И, наконец, главное: разве мало было в Галилее молодых энтузиастов, которые имели нежную душу и детскую веру? Как же случилось, что именно в евангельских событиях берет свой исток вселенская река христианства?
Да, Ренан хотел создать не свод дотошных мудрствовании над текстами, а живой образ. И образ был создан, но вымышленный, и вымышленный неудачно, Повинно в этом не чутье историка и не талант писателя, а то смутное путаное мировоззрение, которое владело Ренаном.
В сравнении с этой коренной неудачей отступают на второй план всевозможные фантазии, наполняющие книгу: и о роковой роли Крестителя, и о перемене в настроении Христа, и о многом другом.
Еще в 1857 году Ренан писал, что историки должны подходить к жизни Христа с таким же благоговением, как старинные мастера к картинам на евангельский сюжет. Но на практике он превратил этот призыв в фарс. Это видно хотя бы из трактовки Ренаном Гефсиманской молитвы Спасителя в час Его смертельной скорби. Она истолкована в книге по меньшей мере тривиально, если не кощунственно. За каждым словом здесь сквозит одна-единственная мысль: "Он человек. Он просто человек. Он такой же человек, как мы, - не более". И этого было достаточно, чтобы опошлить, сделать элементарным и плоским трагическое и священное.

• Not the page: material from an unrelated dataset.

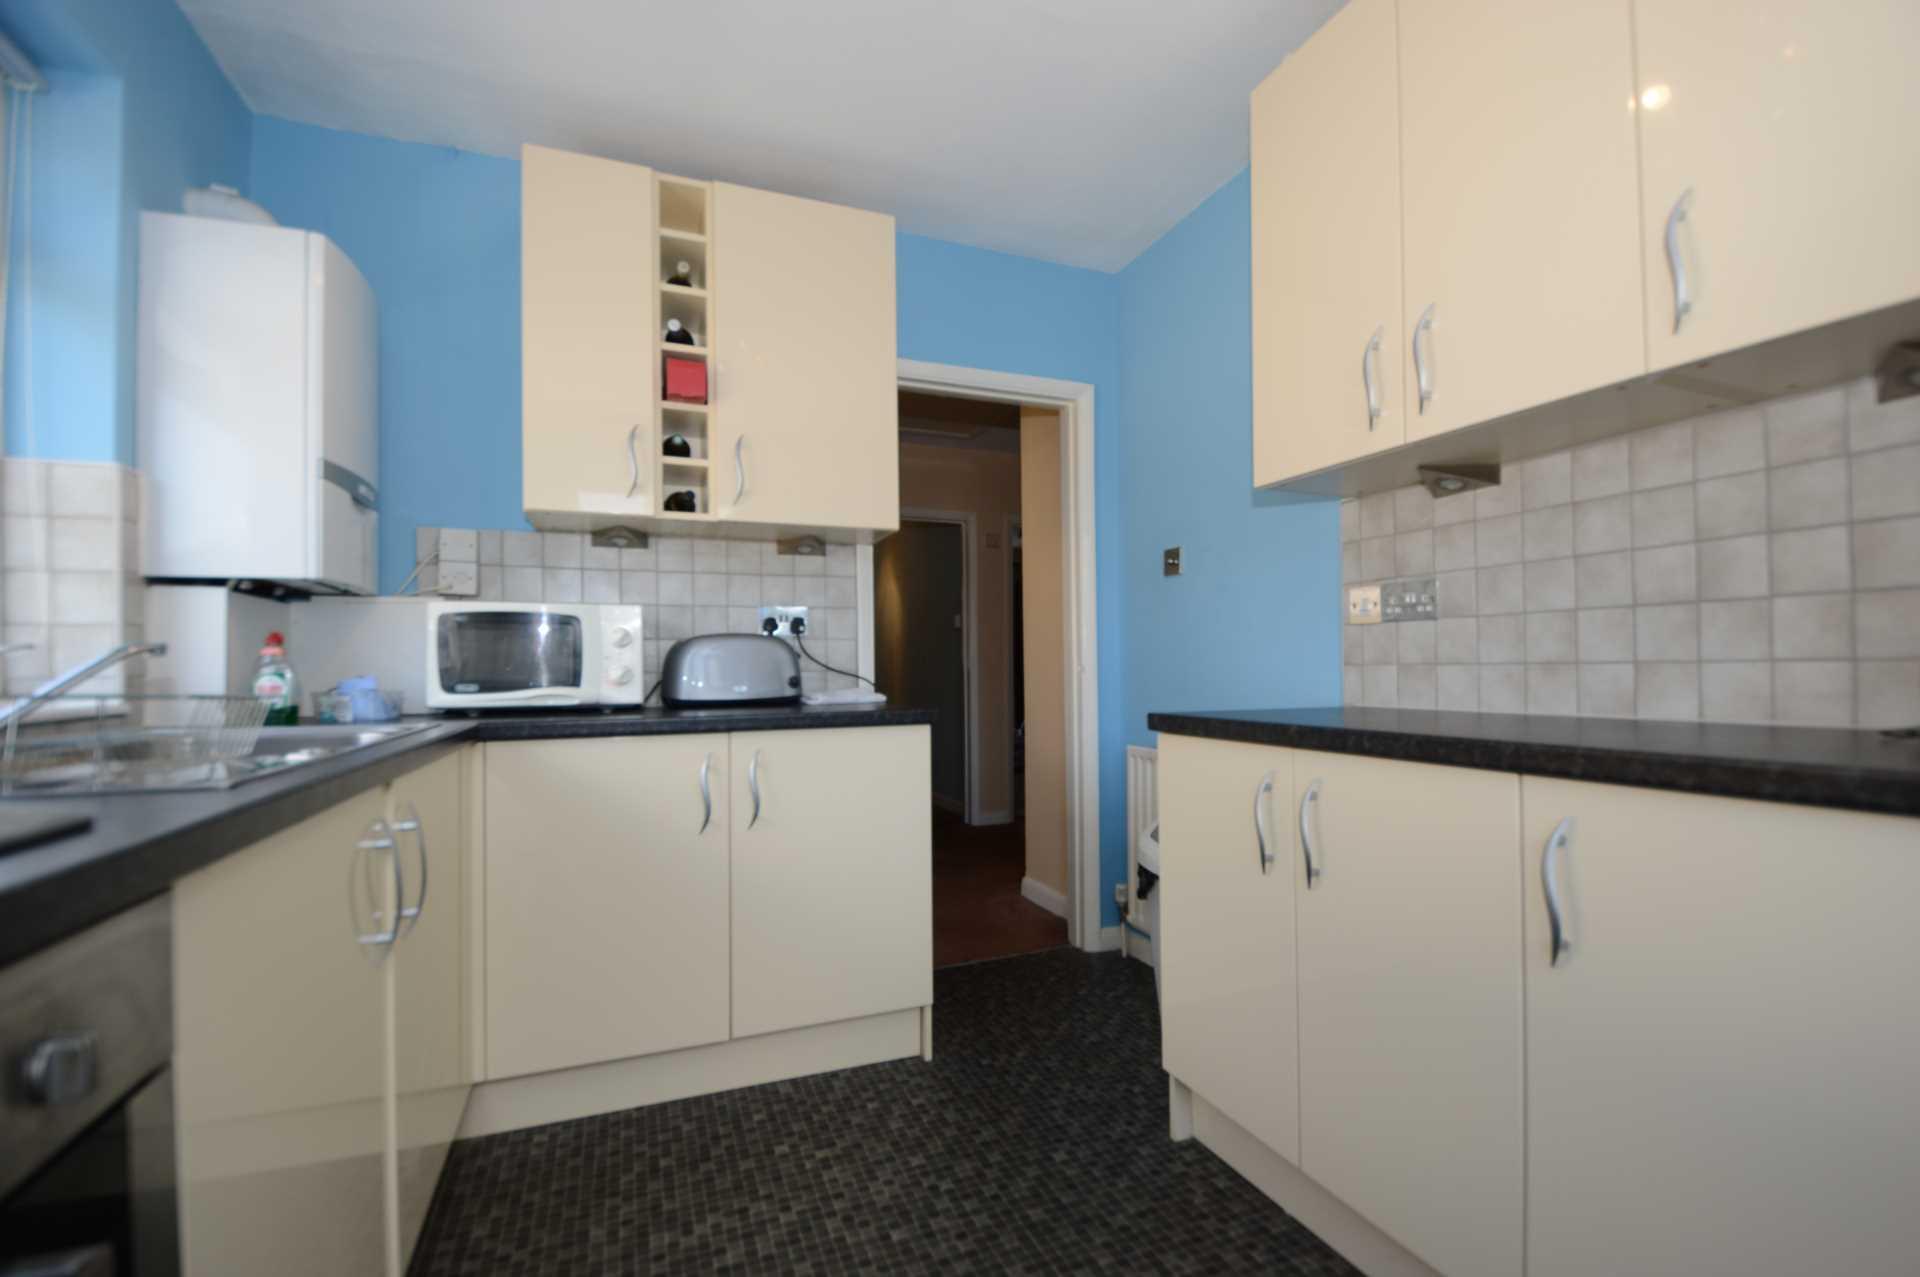 2 bedroom flat for sale, Beaconsfield Road, London, N11 3AA ...

Ренан хотел объяснить происхождение христианства с чисто рациональной точки зрения, но ничего не объяснил. Ведь христианство родилось не из моральных сентенций. Таких сентенций мы можем в избытке найти у философа Сенеки, современника евангельских событий, и у других мудрецов древности. Неповторимым является само свидетельство Христа, которое Ренан пытается отрицать,
Наука не может ни опровергнуть, ни подтвердить этого самосвидетельства Иисусова. Здесь в свои права вступает вера. Но то, что любой историк находит в Евангелиях, противоречит концепции об Основателе христианства как религиозном моралисте.
Он говорит о Себе как о единственном Сыне небесного Отца. Уже в Нагорной проповеди Он властно изменяет и даже отменяет заповеди Закона, дарованного Богом. Он говорит не об отвлеченной Истине, которую постиг, а как Сама Истина. Христос не говорит подобно пророку, сознающему себя несовершенным и немощным проводником высшей Воли, а как воплощение этой Воли. В этом факте, основанном на древнейших документах, заключена самая суть веры Церкви во Христа как Богочеловека.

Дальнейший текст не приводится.